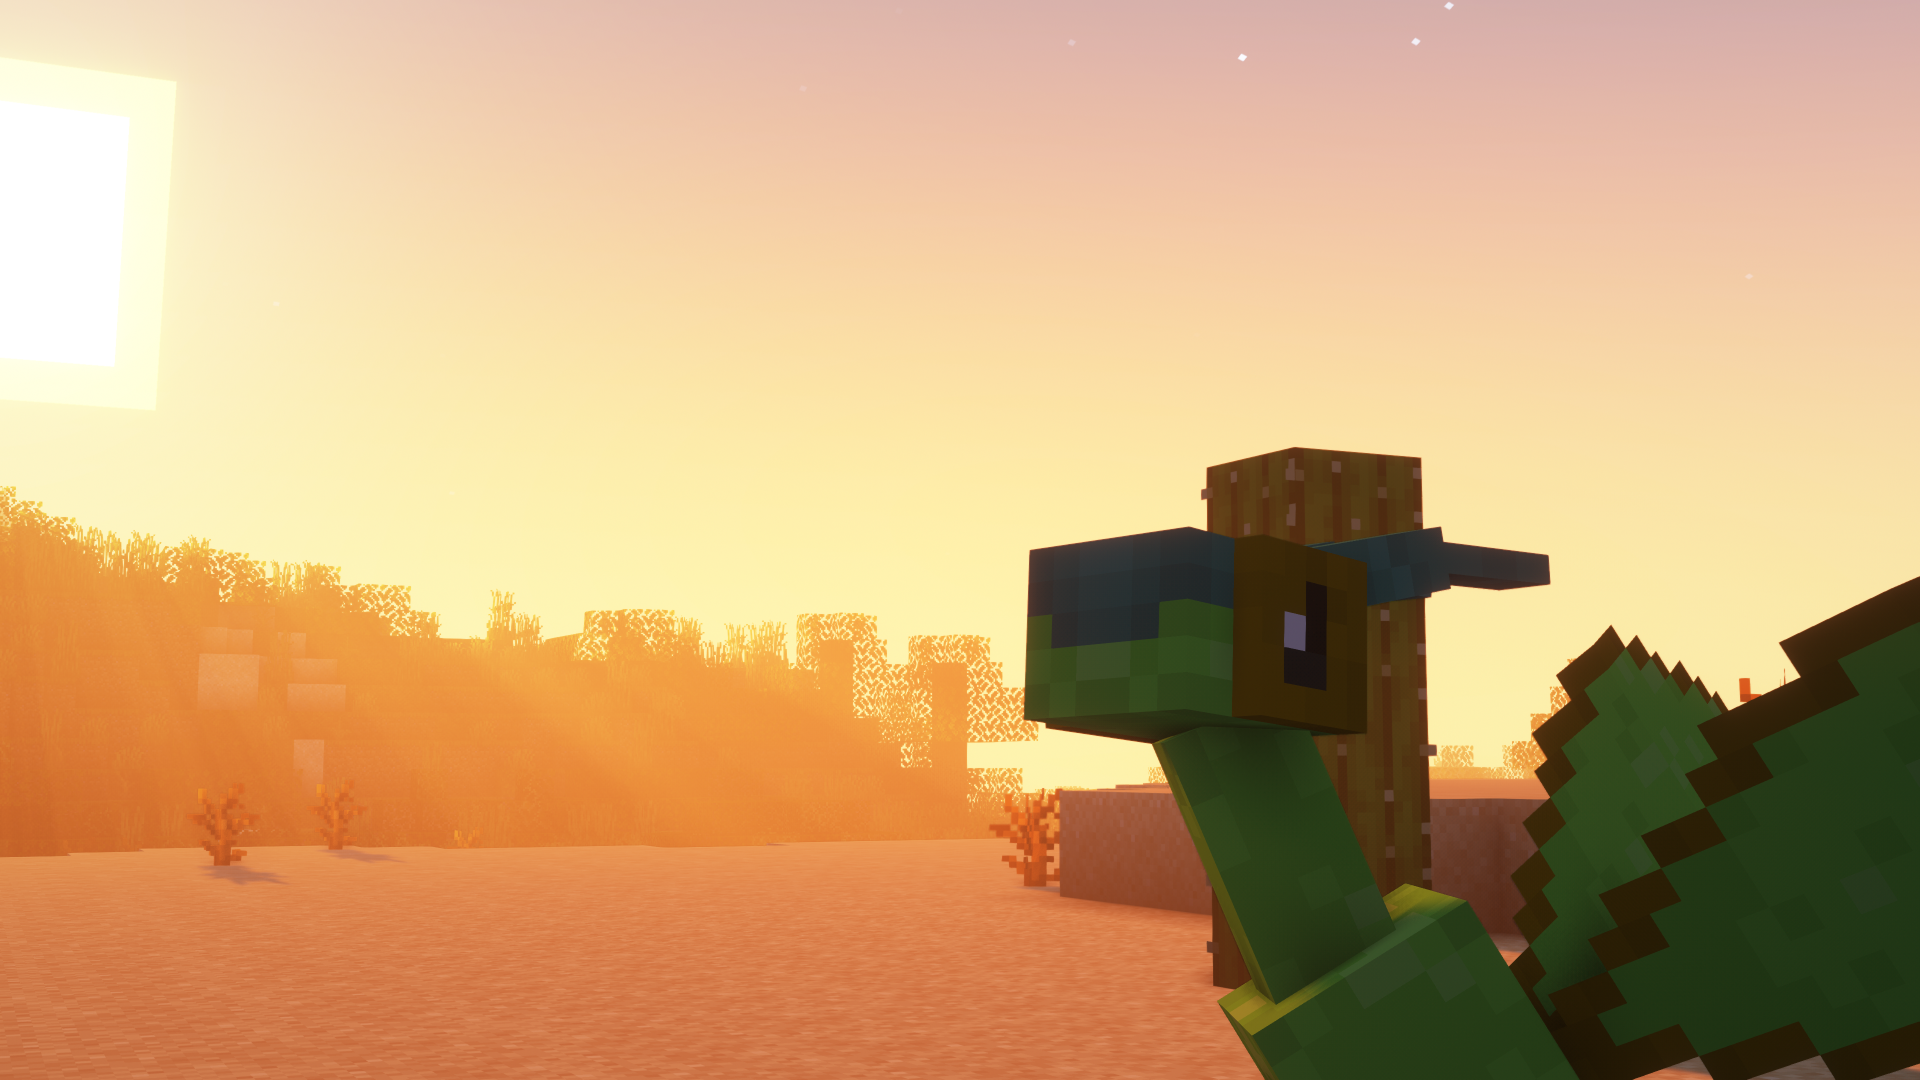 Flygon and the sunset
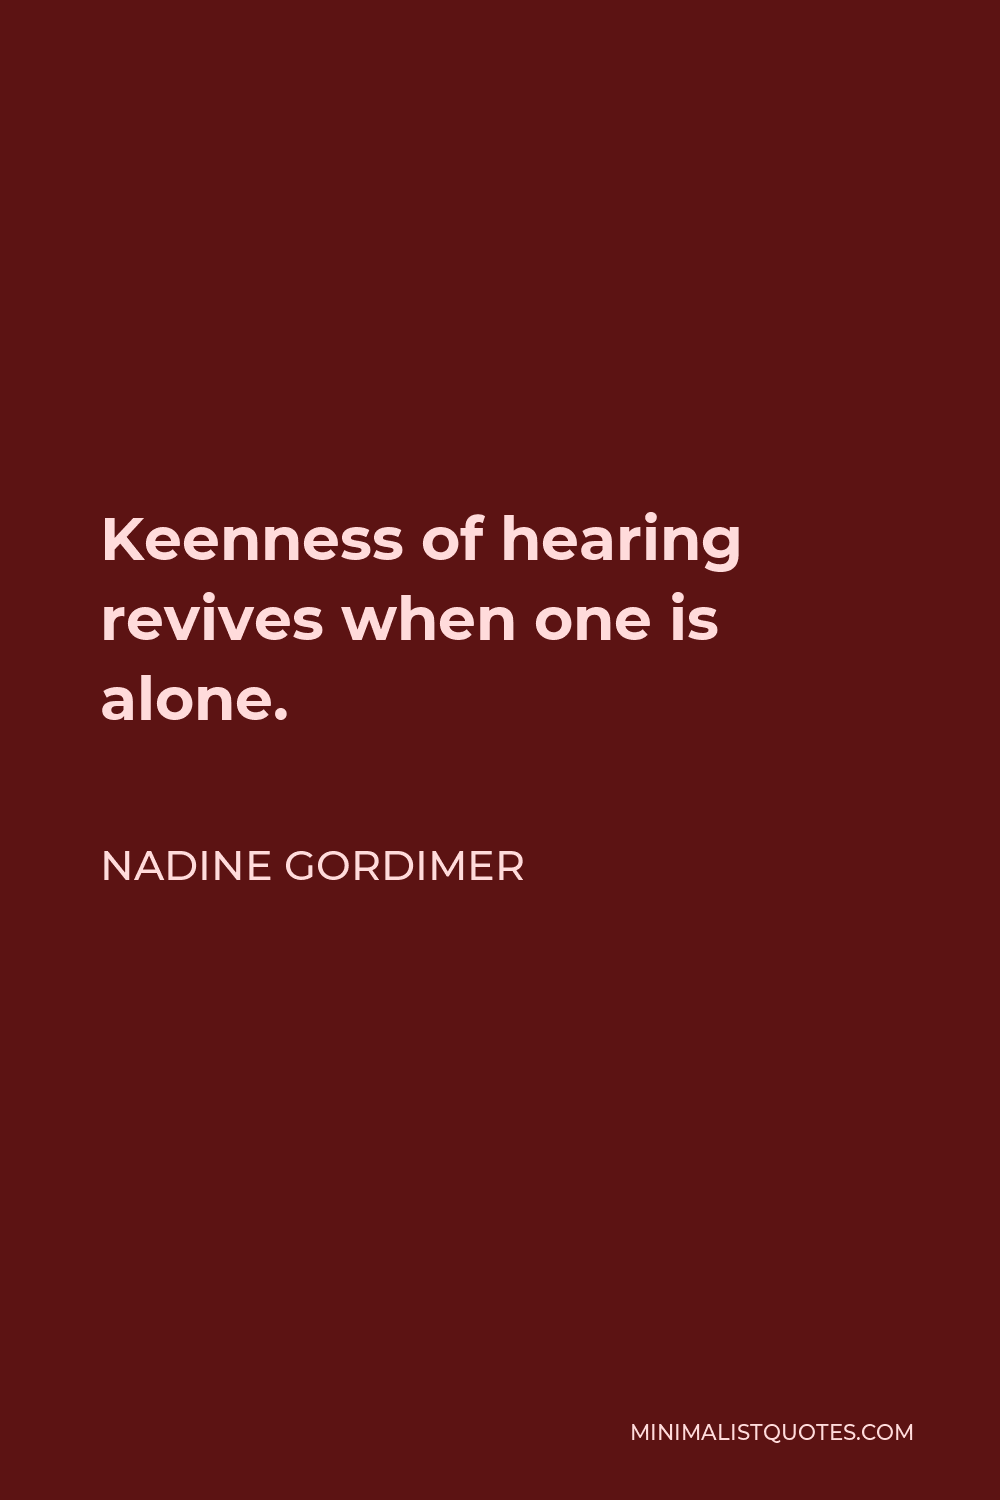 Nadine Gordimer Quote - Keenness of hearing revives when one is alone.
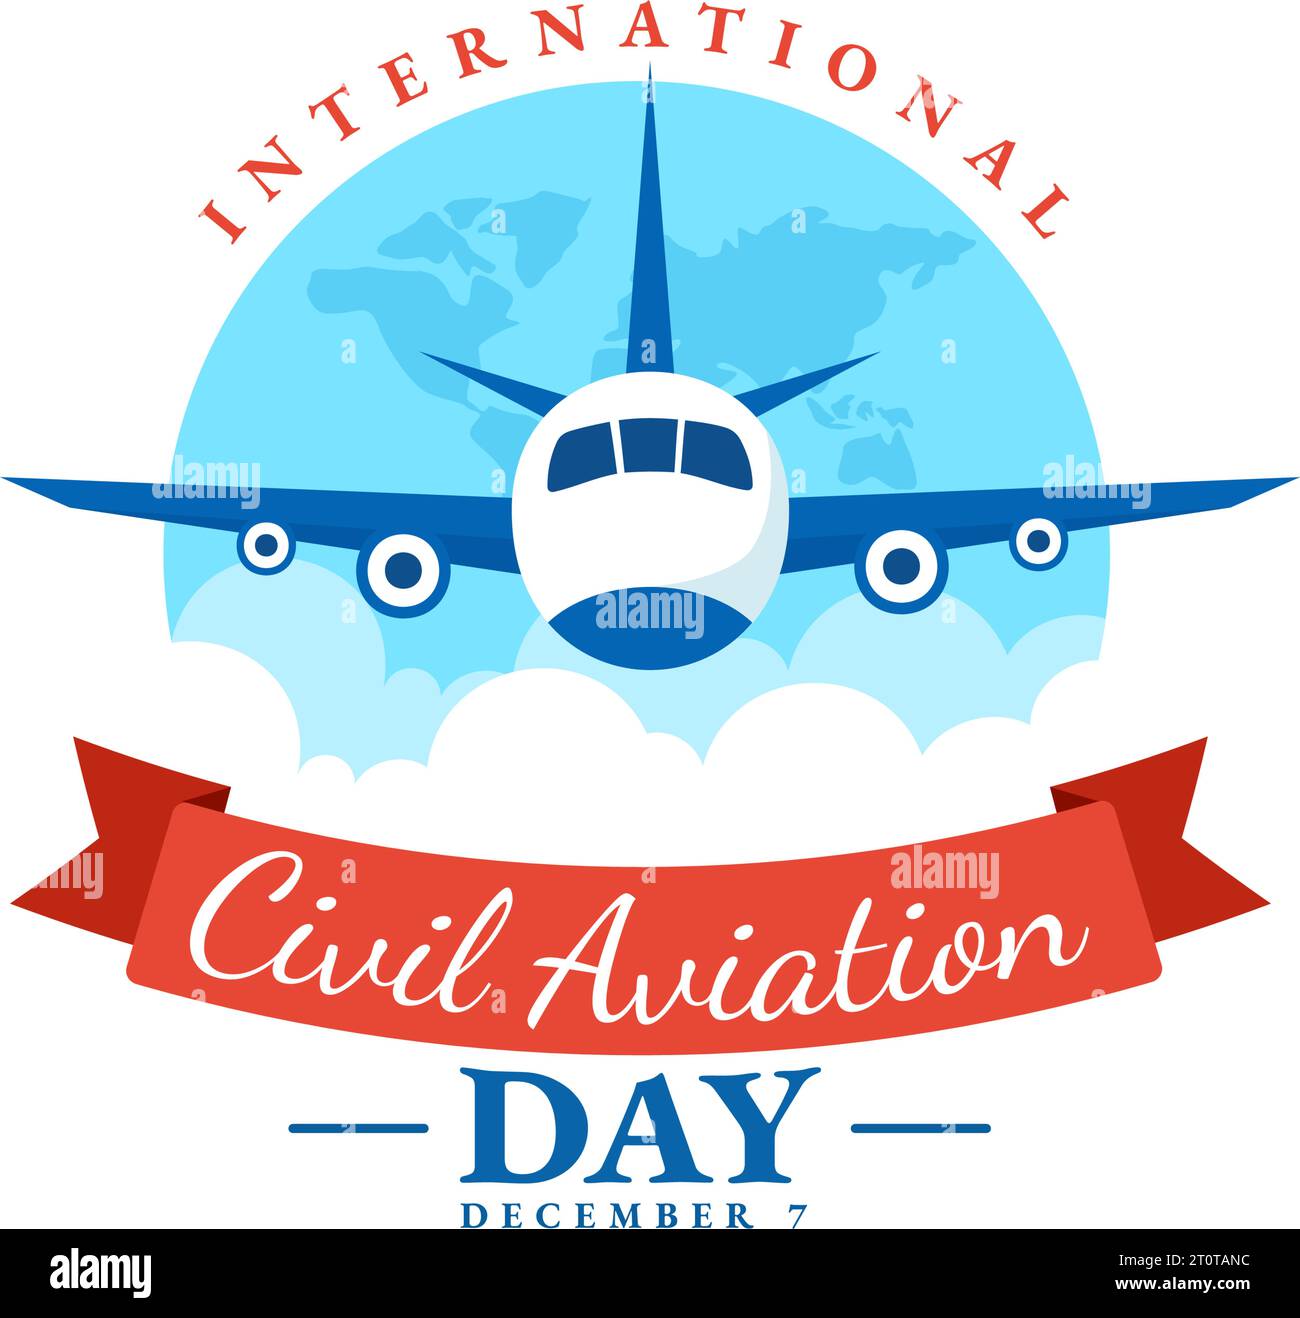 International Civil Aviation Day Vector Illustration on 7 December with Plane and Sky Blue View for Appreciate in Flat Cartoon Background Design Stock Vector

============

Would you repeat the listing word for word and skip every picture?

## Your solution
 Flygon and the sunset
 Nadine Gordimer Quote - Keenness of hearing revives when one is alone.
 International Civil Aviation Day Vector Illustration on 7 December with Plane and Sky Blue View for Appreciate in Flat Cartoon Background Design Stock Vector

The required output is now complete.